Large Language Models are powerful yet resource-intensive systems that excel across numerous domains, including autonomous agents, complex reasoning, and content generation. However, their computational demands present significant challenges for practical deployment and scalability. Caching serves as a critical optimization strategy for reusing computational results and reducing redundant processing. In this presentation, we will explore cache design from two key perspectives: application-layer agent caching for efficient retrieval and response generation, and model-layer architectural caching including quantized KV cache implementations for memory efficiency.
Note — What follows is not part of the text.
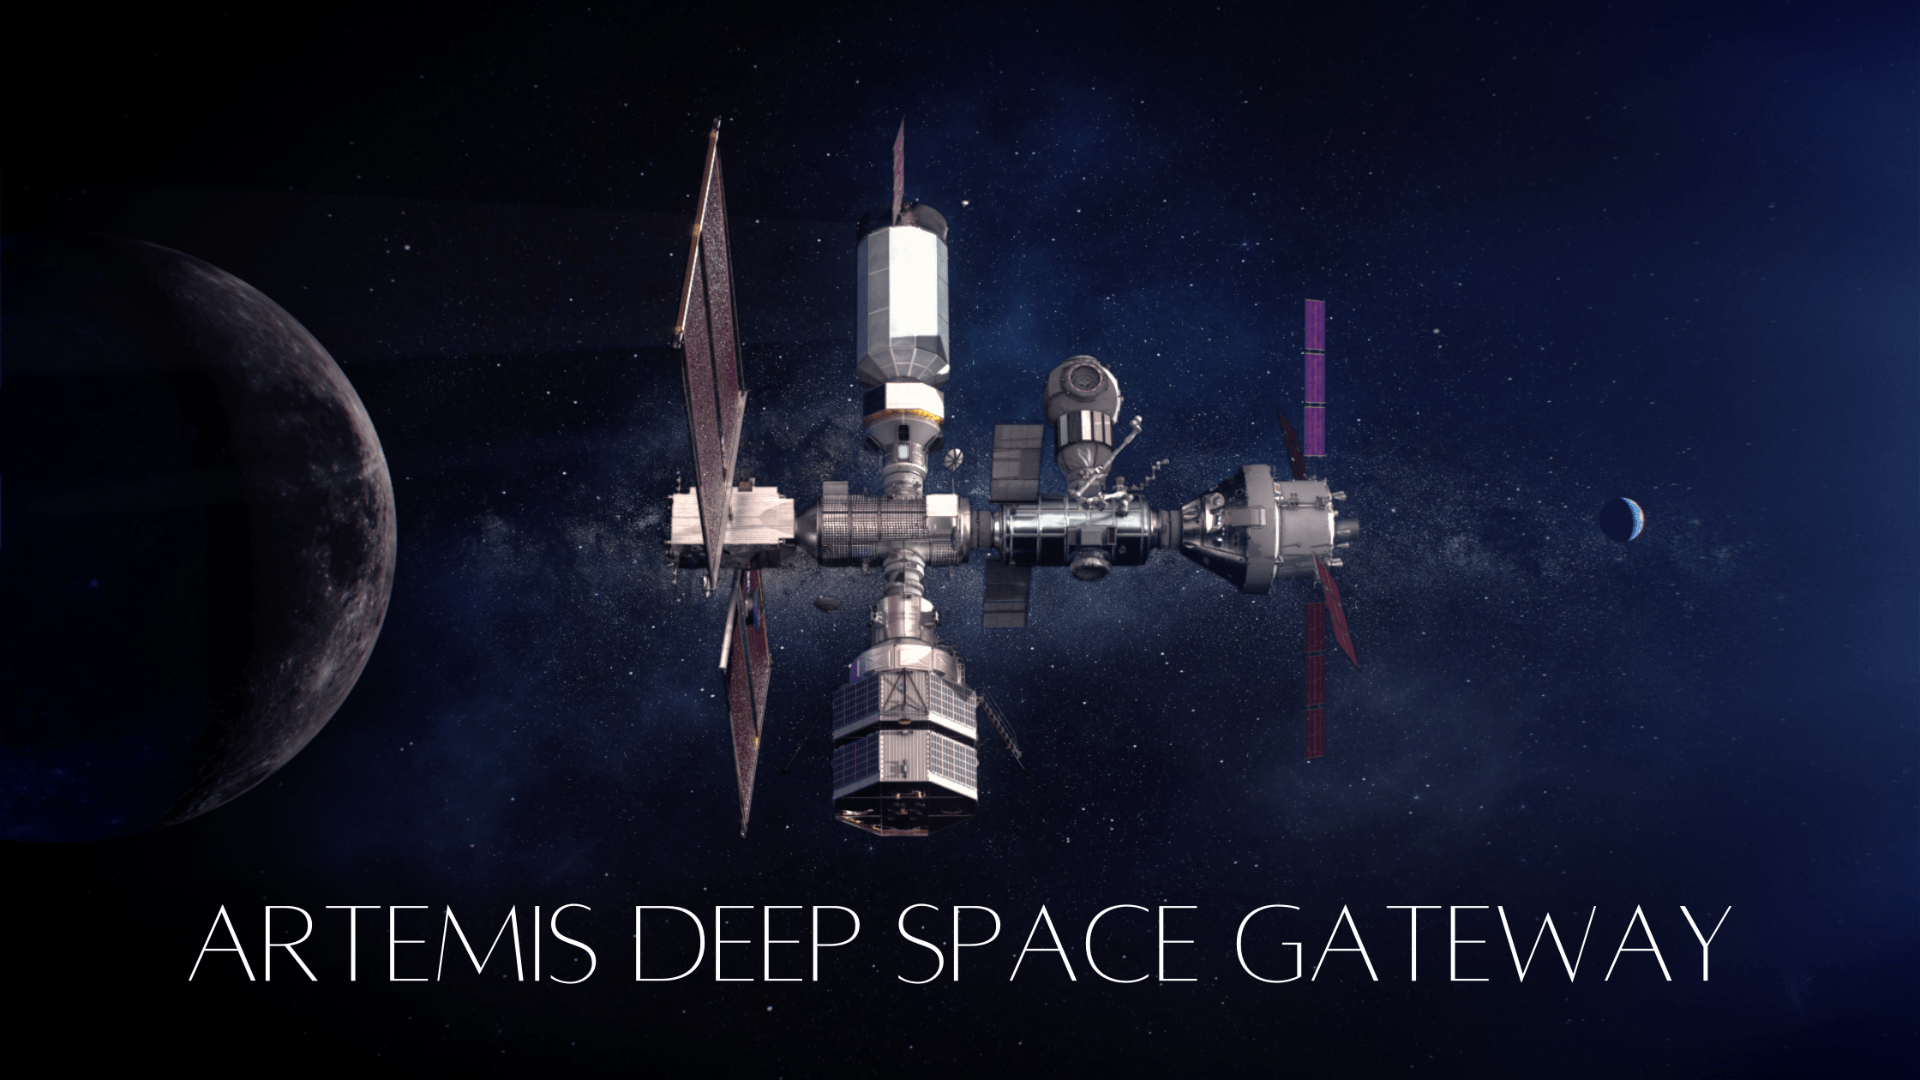 Artist concept of Artemis Gateway

General purpose LLMs may struggle to answer knowledge-intensive questions grounded in specialized document collections. The first part of the presentation will discuss recent literature of injecting specialized knowledge into LLM parameters and propose an extensible framework for knowledge acquisition methods. The second part will cover OpenUnlearning, an extensible framework designed to benchmark both unlearning methods and evaluation metrics for LLMs, integrating 9 unlearning algorithms, 16 evaluation methods, and 450+ model checkpoints.

This session will introduce a groundbreaking combinatorial approach to neural network interpretability, based on research from Nir Shavit and Micah Adler at MIT CSAIL, and Dan Alistarh at IST Austria. The approach focuses on the relationships within the network's learned weights and biases, offering a new way to decode how neural networks compute logic. We'll explore the Feature Channel Coding Hypothesis, which reveals how neural networks compute Boolean expressions by mapping input features to combinations of neurons, effectively forming codes for each feature.

In this talk, we will introduce SDG Hub, an open-source toolkit developed at Red Hat for customizing language models using synthetic data. We will begin by unpacking what synthetic data means in the context of LLMs, and how it enables model customization. The session will explore SDG Hub's core components: prompts, blocks, and flows, and demonstrate how users can compose, extend, or modify pipelines to fit specific tasks.

As large language models transition from static systems to dynamic components in real-world applications, a major challenge emerges: how can we teach them new tasks without making them forget what they've already learned? In this talk, we'll introduce a practical and theoretically grounded method for post-training continual learning that enables full-model fine-tuning, without increasing model size or compromising general capabilities. The key insight lies in constraining updates to carefully selected low-rank subspaces.

LLMs have owned the stage, but with size comes complexity. This talk explores the evolving landscape of LLM Compression, from the latest SOTA research to real-world deployments. We'll break down the high-level effects of techniques such as quantization and sparsity and their tradeoffs between accuracy and performance. Additionally, we'll walk through the differences between academic and real-world benchmarks, what's ready for production today, what's sitting in the research lab, and what it will take to close the gap.

Join us for a talk on merging LLM experts, combining the parameters and embeddings of multiple fine-tuned LLMs to enhance performance across various tasks while maintaining computational efficiency. We introduce Activation-Informed Merging (AIM), a technique that integrates activation space information into the merging process to improve performance and robustness of merging methods. AIM is a flexible, complementary solution applicable to any existing merging method, motivated by continual learning and model compression principles, it is designed to preserve salient weights from pre-training to enhance merging outcomes with empirical evidence showing up to a 40% increase in benchmark performance.